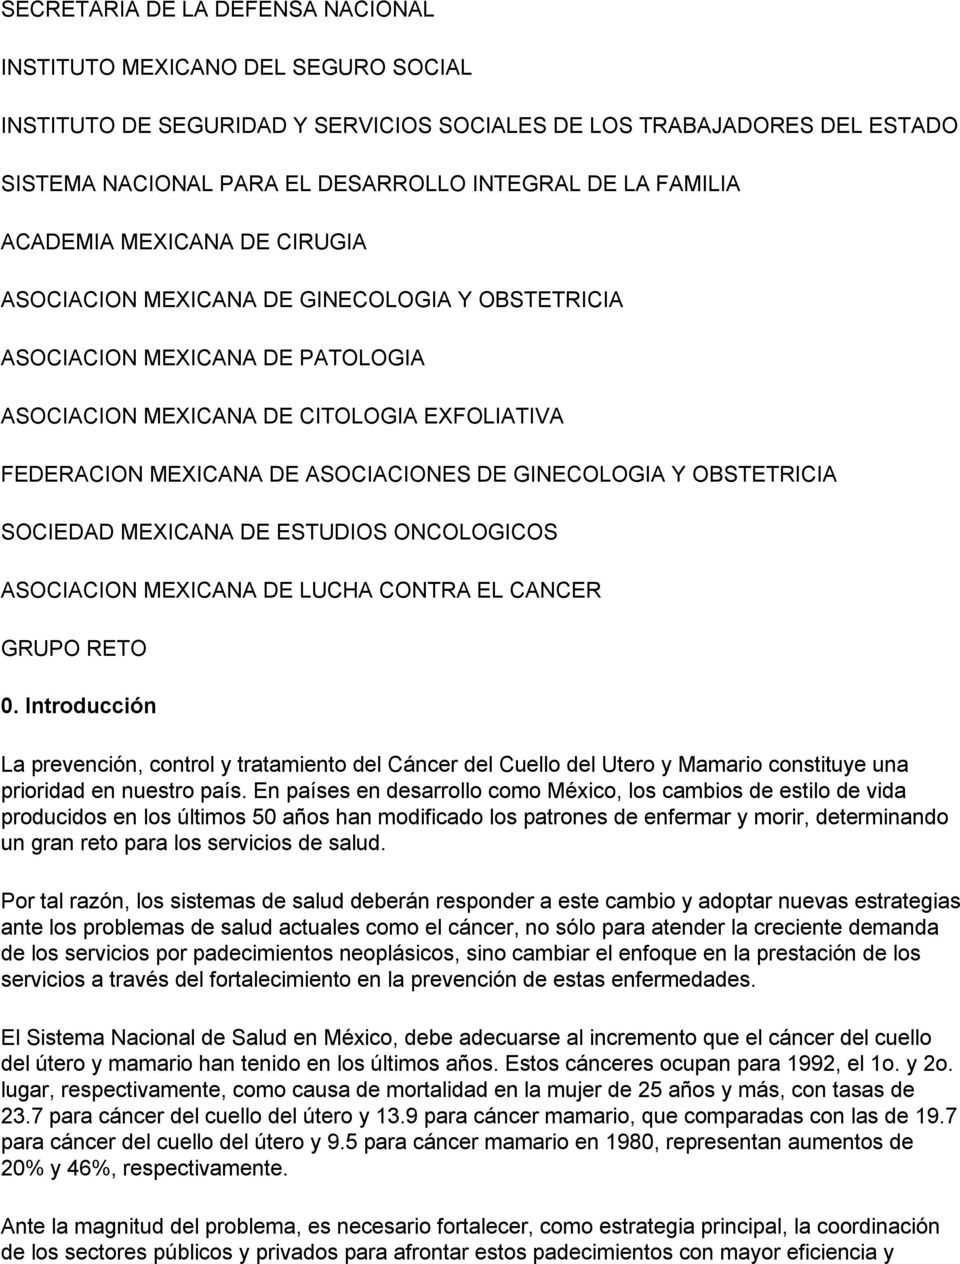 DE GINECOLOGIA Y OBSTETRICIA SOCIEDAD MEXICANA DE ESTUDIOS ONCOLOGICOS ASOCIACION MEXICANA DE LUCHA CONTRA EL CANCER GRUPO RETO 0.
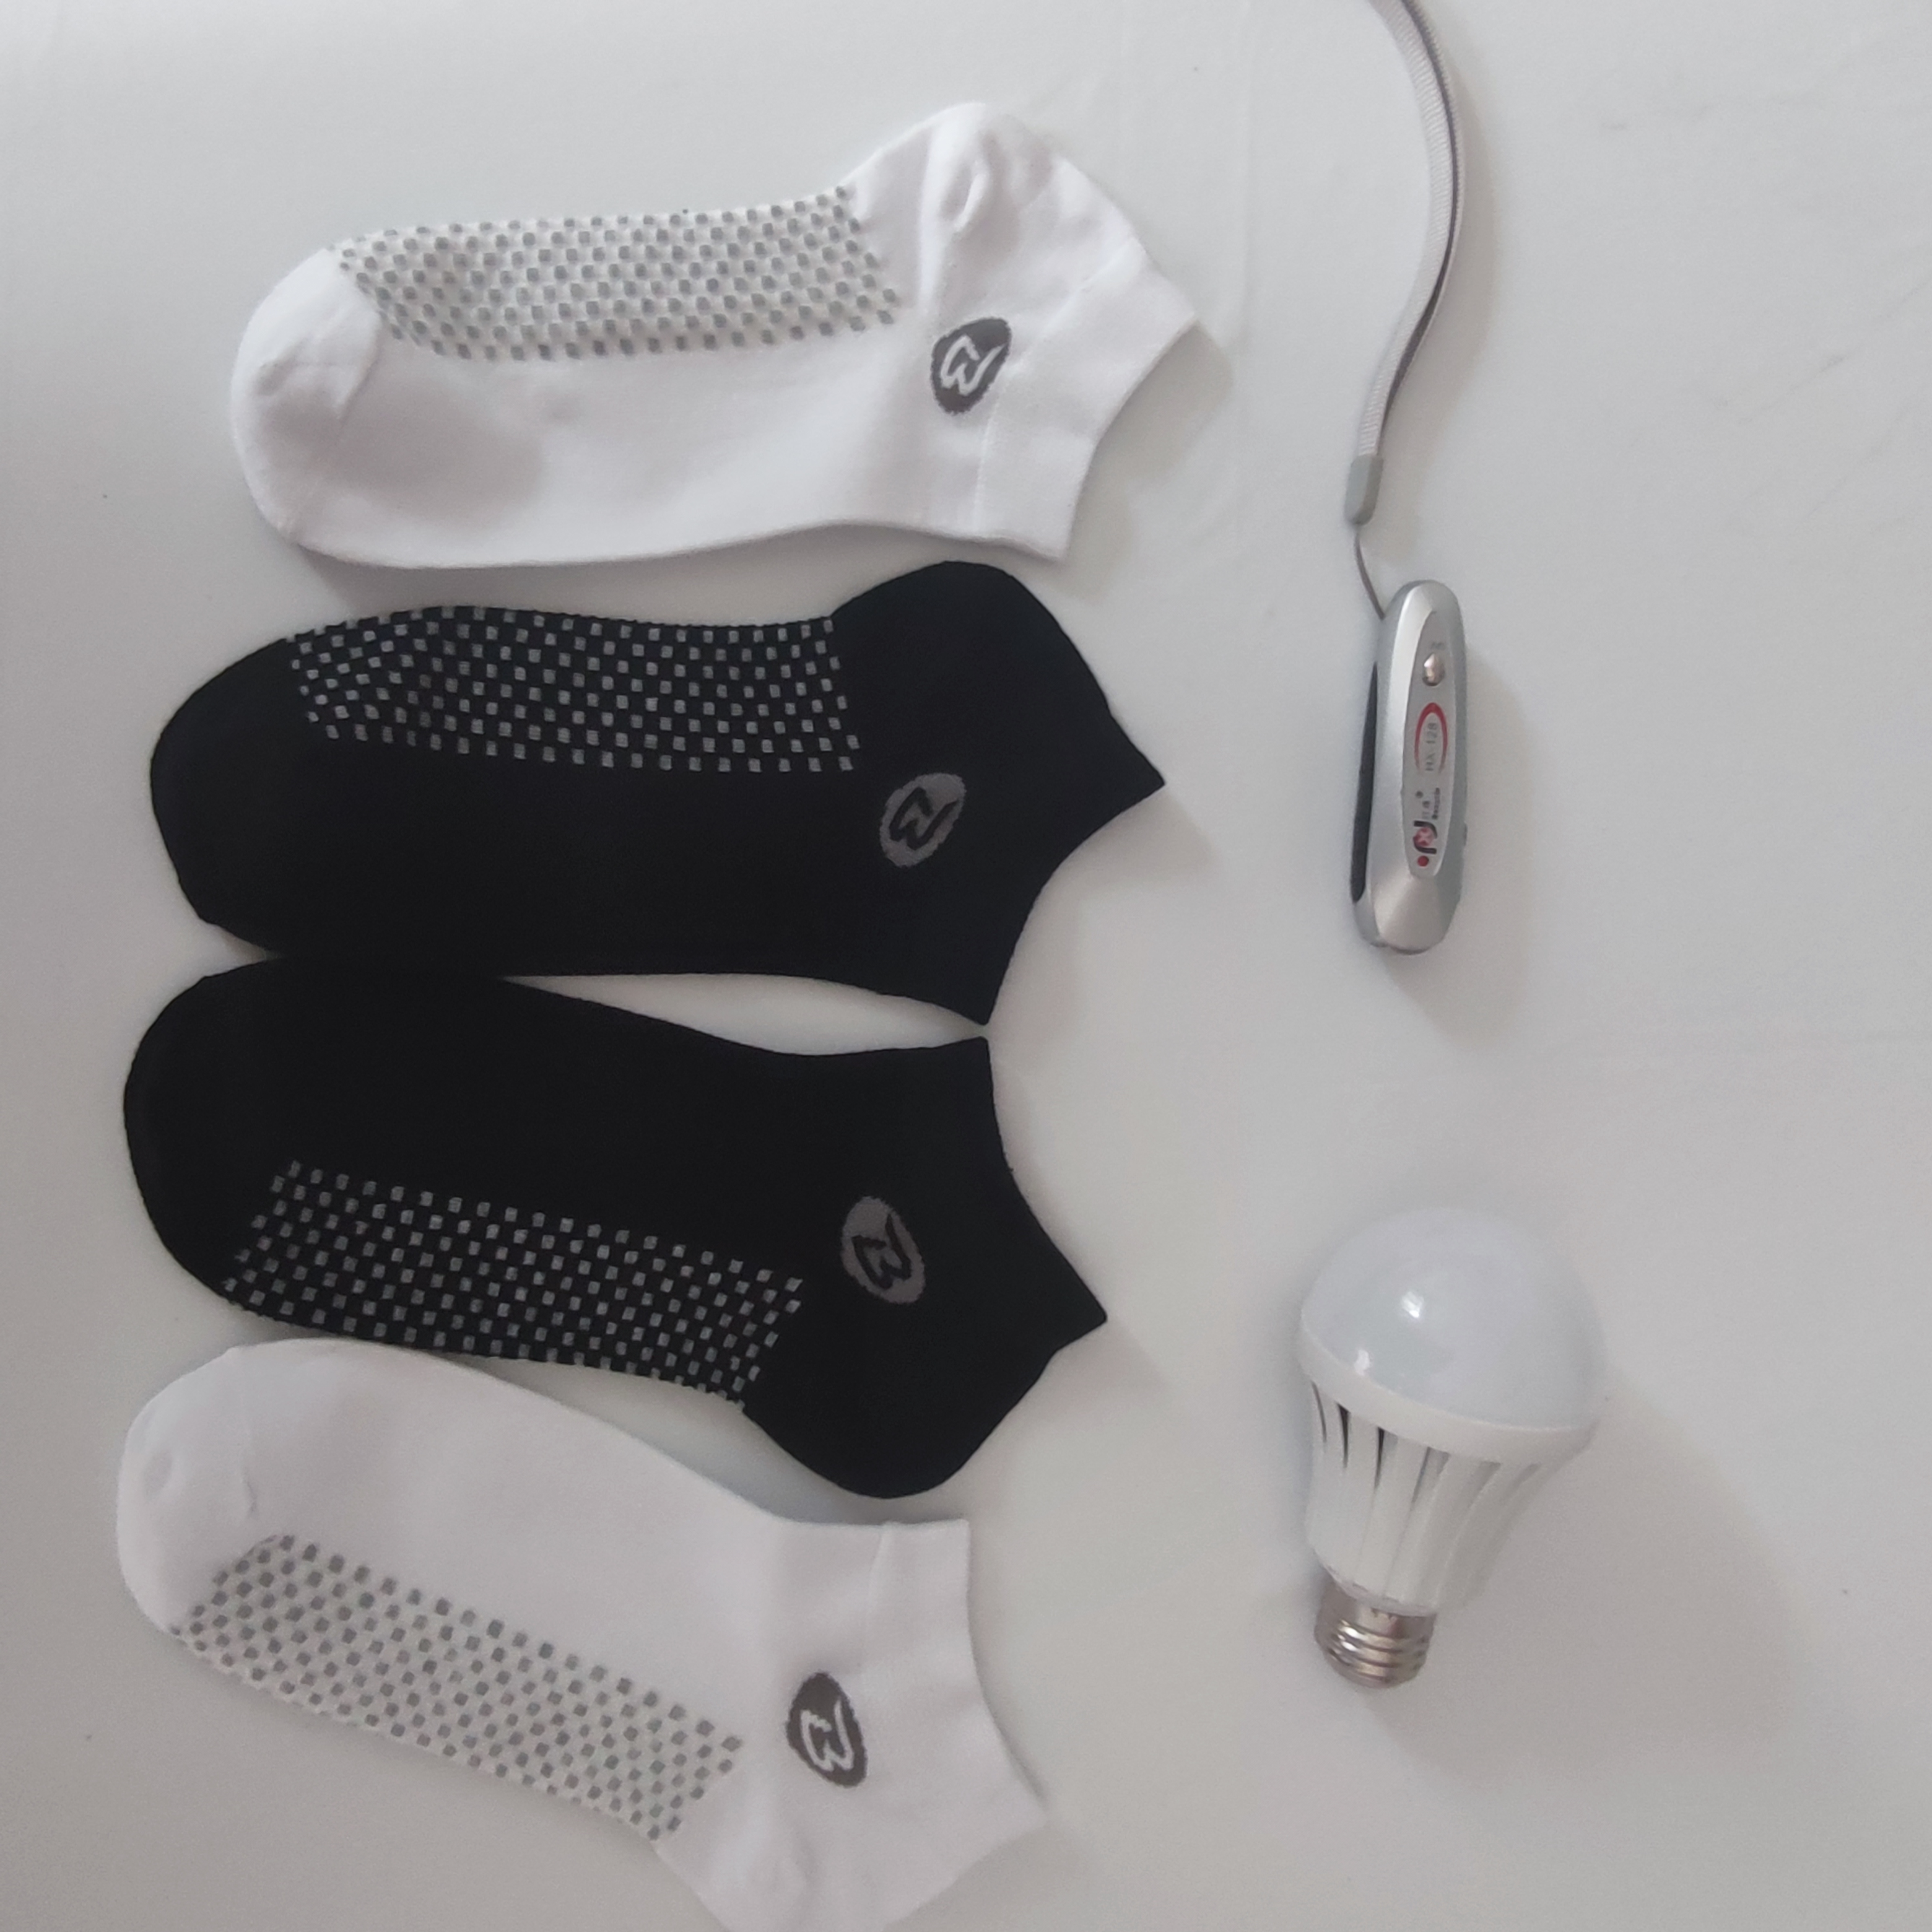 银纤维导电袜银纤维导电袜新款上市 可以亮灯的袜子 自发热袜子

####################

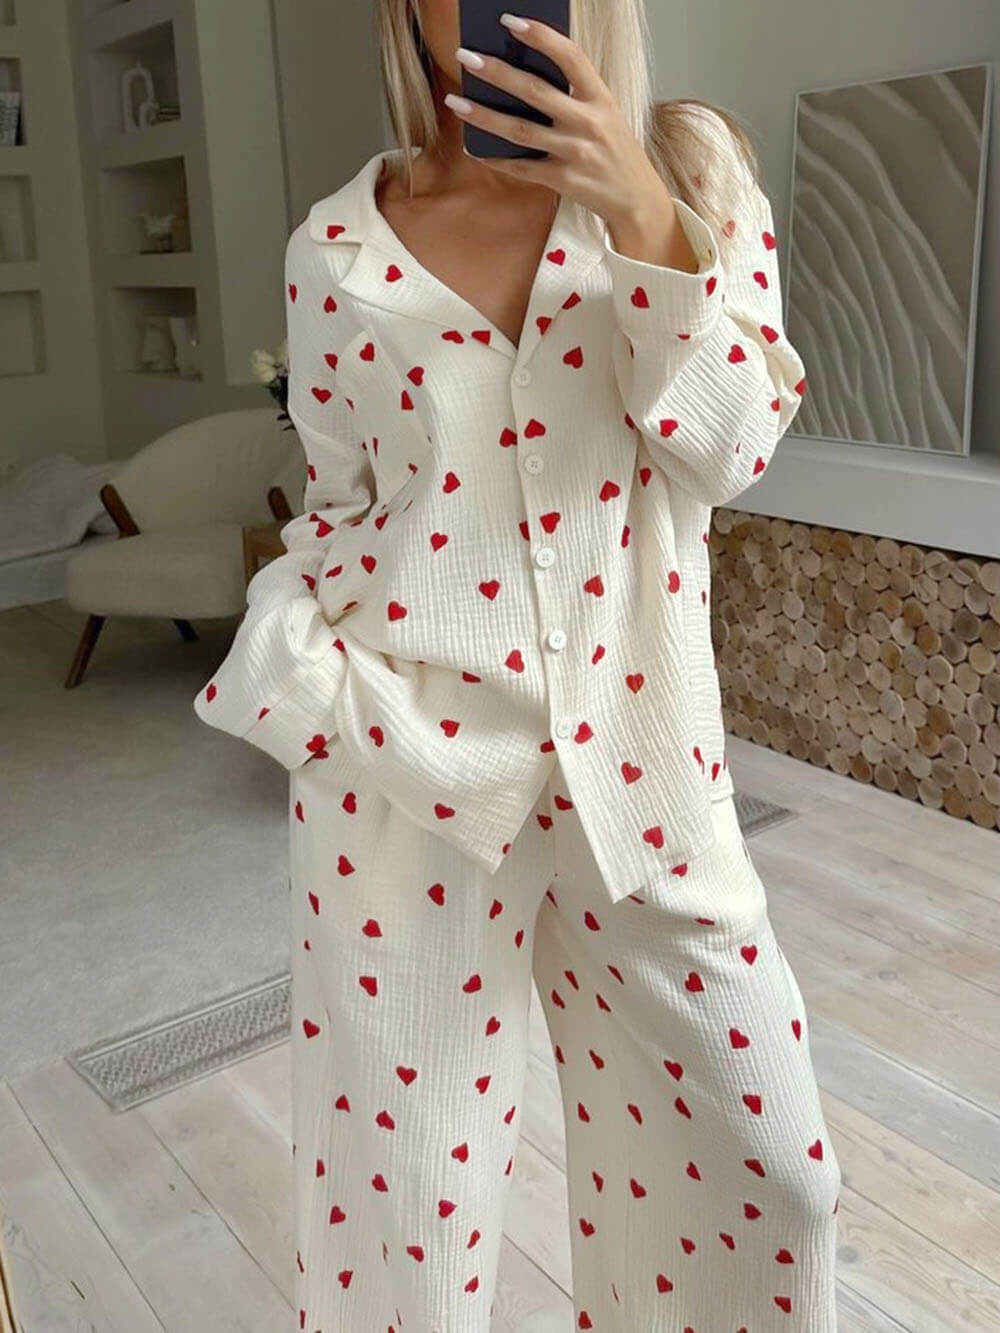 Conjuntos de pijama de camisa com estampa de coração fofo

####################

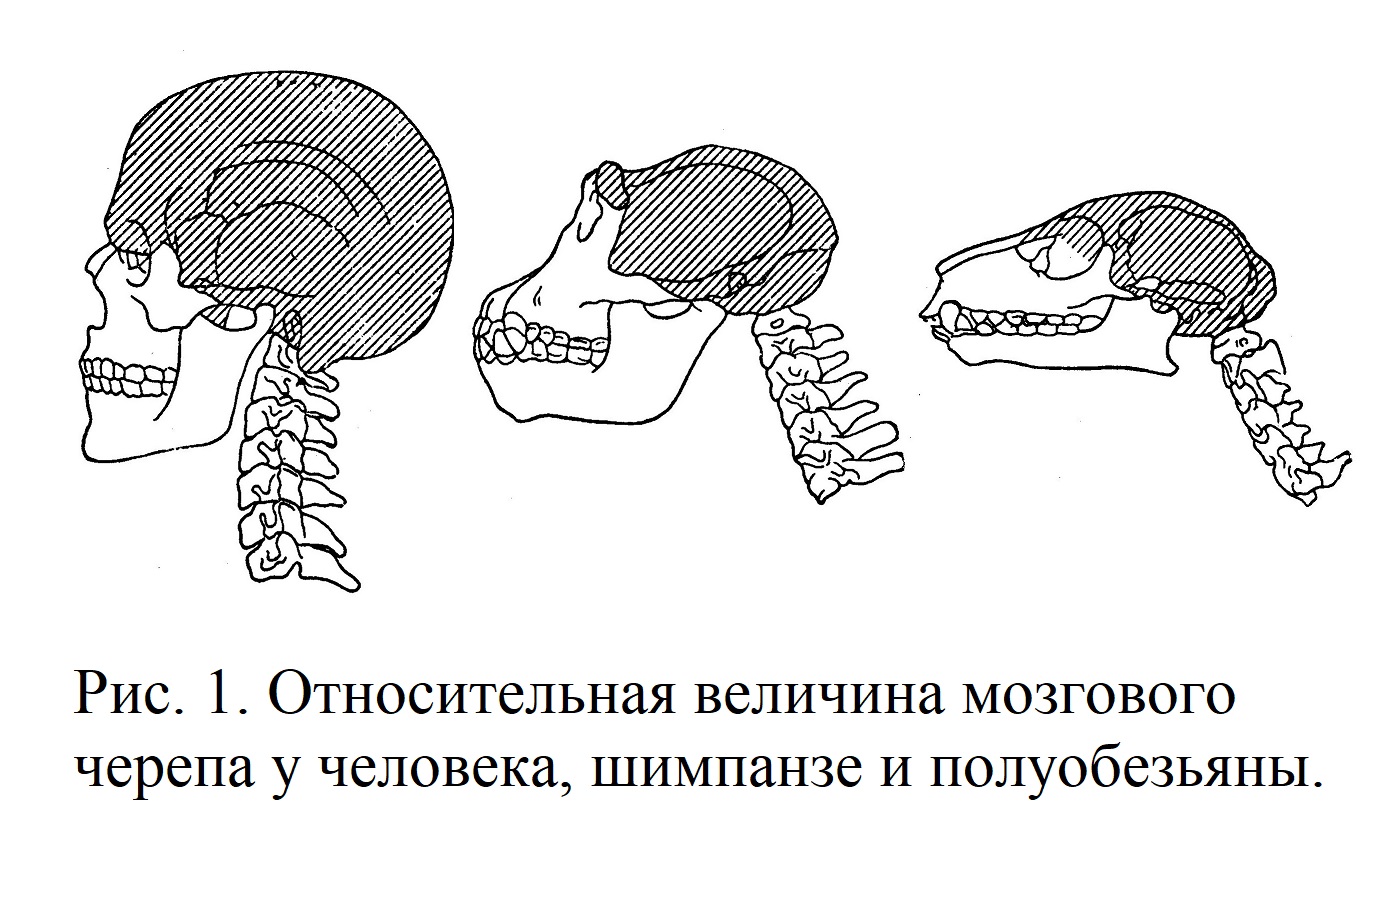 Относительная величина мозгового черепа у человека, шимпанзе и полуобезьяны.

####################

* [Assigned task]:
For the entries above, print exactly the lines between the one with "DE GINECOLOGIA Y" and the one with "银纤维导电袜银纤维导电袜新款上市 可以亮灯的袜子 自发热袜子", inclusive, with no pictures.

* [Final answer]:
 DE GINECOLOGIA Y OBSTETRICIA SOCIEDAD MEXICANA DE ESTUDIOS ONCOLOGICOS ASOCIACION MEXICANA DE LUCHA CONTRA EL CANCER GRUPO RETO 0.
 银纤维导电袜银纤维导电袜新款上市 可以亮灯的袜子 自发热袜子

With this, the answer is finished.